Conjecture:
Let $a,b,n,m$ be natural numbers. Then the expression $$ a^{\frac{{\phi (b^n )}}{{\phi (b)}} - 1} \equiv b^0 + b^1 + b^2 + \ldots + b^{n - 1}\pmod{ b^n} $$ always holds true if $(a,b)=(2m,2m+1)$.
Note:
(1) We have experimentally varified the conjecture by putting values for $(a,b,n)$ as:
$(2,3,2);(2,3,3);(2,3,4);(2,3,5);(2,3,6);(2,3,7);(4,5,2);(4,5,3);(4,5,4);(4,5,5);(4,5,6);(4,5,7);(6,7,2);(6,7,3);(6,7,4);(6,7,5);(6,7,6);(6,7,7);(8,9,2);(8,9,3);(8,9,4);(8,9,5);(8,9,6);(8,9,7)$
So on...and Result always holds true.
(2) We can rewrite the same above expression by substituting value of $(a,b)=(2m,2m+1)$ and then expression will looks like this: $$ \sum\limits_{k = 0}^{n - 1} {(2m + 1)^k } \equiv (2m)^{\frac{{\phi ((2m + 1)^n )}}{{\phi (2m + 1)}} - 1} \pmod{(2m + 1)^n}. $$
Our attempts
Attempt 01:
Since $\gcd(a,b)=1$ as $a$, $b$ are consecutive natural numbers, we can say $\gcd(a,b^n)=1$ then by Euler's formula, we can write $$ a^{\phi (b^n )} \equiv 1 \pmod{b^n} $$ but after this we don't know how to proceed further.
Attempt 02:
Since $b^0+b^1+\ldots+b^k$ is a geometric series, it is $(b^n-1)/(b-1)$ where $k=n-1$. Then $(b^n-1)/(b-1)=(b^n-1)/a$.
But this attempt also does not help us very much.
Attempt 03:
In our third attempt, we expand $(2m+1)^k$ using the binomial theorem and we also used the expression $$ \phi (n^k ) = n^{k - 1} \phi (n) $$(see here) to modify the the power of $2m$ but this technique makes things more complicated.

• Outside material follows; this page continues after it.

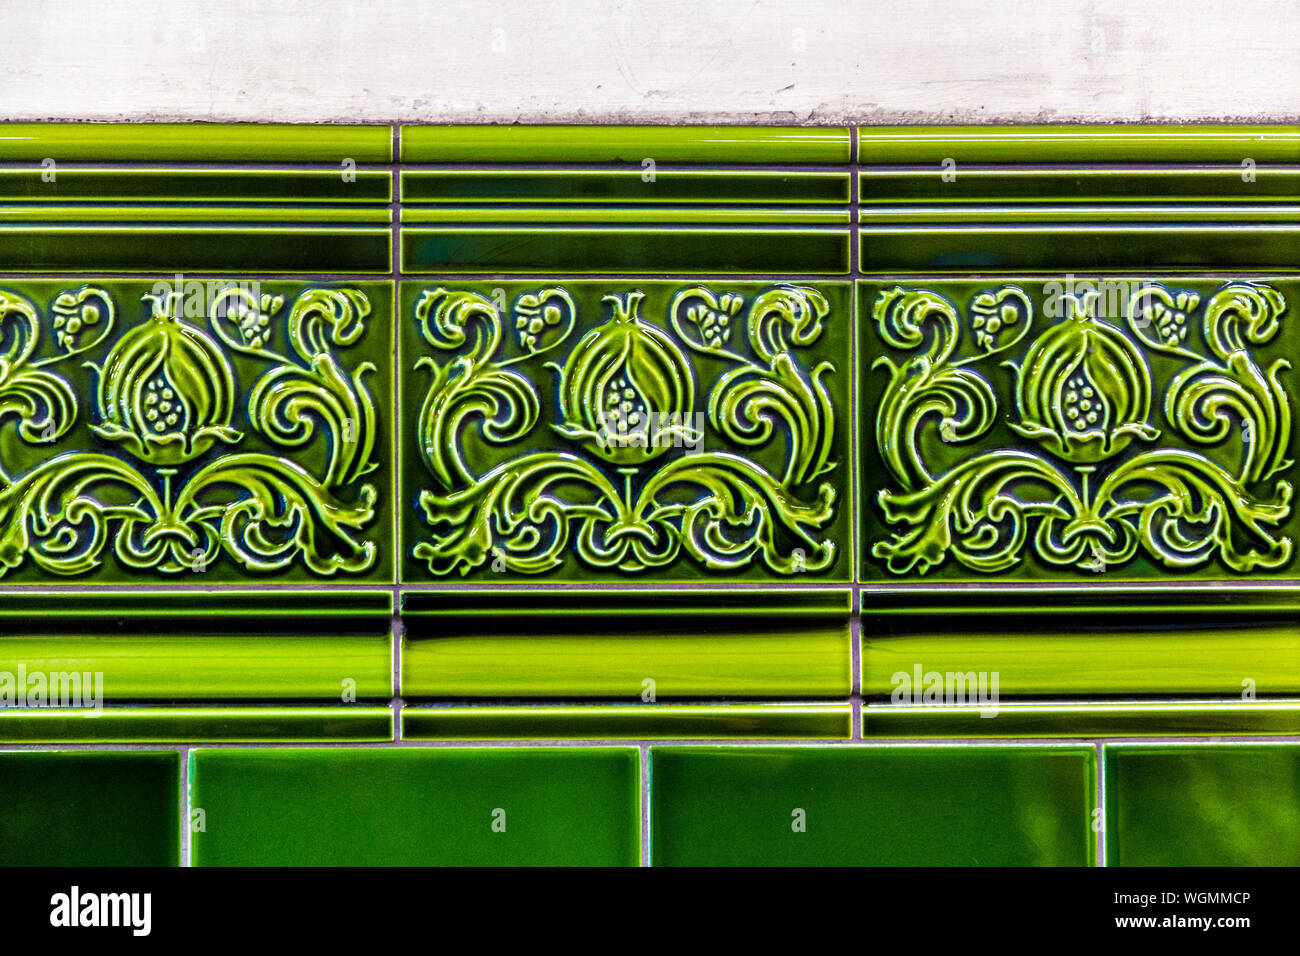 Detalle de azulejos decorativos de cerámica verde con un friso de hojas de acanto en la estación de metro de Chalk Farm, Londres, Reino Unido. Foto de stock

OUR QUESTION: Is the conjecture above already known?
Case01: if your answer is yes, then provide refrence about how it is related to that theorem.
Case02: if your answer is no, then please provide an approach about how to prove this, otherwise provide a counterexample to prove it wrong.
Euler's product formula states that $$\phi(\alpha)=\alpha\prod_{p|\alpha \text{ prime}}(1-1/p)$$ for an integer $\alpha>0$, from which it follows that $$\frac{\phi(b^n)}{\phi(b)}=b^{n-1}.$$
Since $a$ is coprime to $b$ and hence to $b^n$, $a$ is invertible modulo $b^n$, and thus your conjecture is equivalent to $$(b-1)^{b^{n-1}}\equiv (b-1)(1+b+\cdots+b^{n-1})\mod b^n,$$ which in turn is equivalent to $$(b-1)^{b^{n-1}}\equiv -1\mod b^n.$$
This last identity can be proven by induction on $n\geq 1$. The case $n=1$ is obvious. For the inductive step, assume that $xb^n=(b-1)^{b^{n-1}}+1$ for some integer $x$. Then $$(b-1)^{b^{n}}=\left((b-1)^{b^{n-1}}\right)^b=(xb^n-1)^b=\sum_{k=0}^b\binom{b}{k}x^kb^{kn}(-1)^{b-k}.$$
Modulo $b^{n+1}$, all terms in the right sum vanish (since $b^{kn}\equiv 0\mod b^{n+1}$ if $k>0$), except the first one, which is $(-1)^{b}=-1$ as $b$ is odd. This means that $$(b-1)^{b^n}\equiv -1\mod b^{n+1},$$ as was the goal.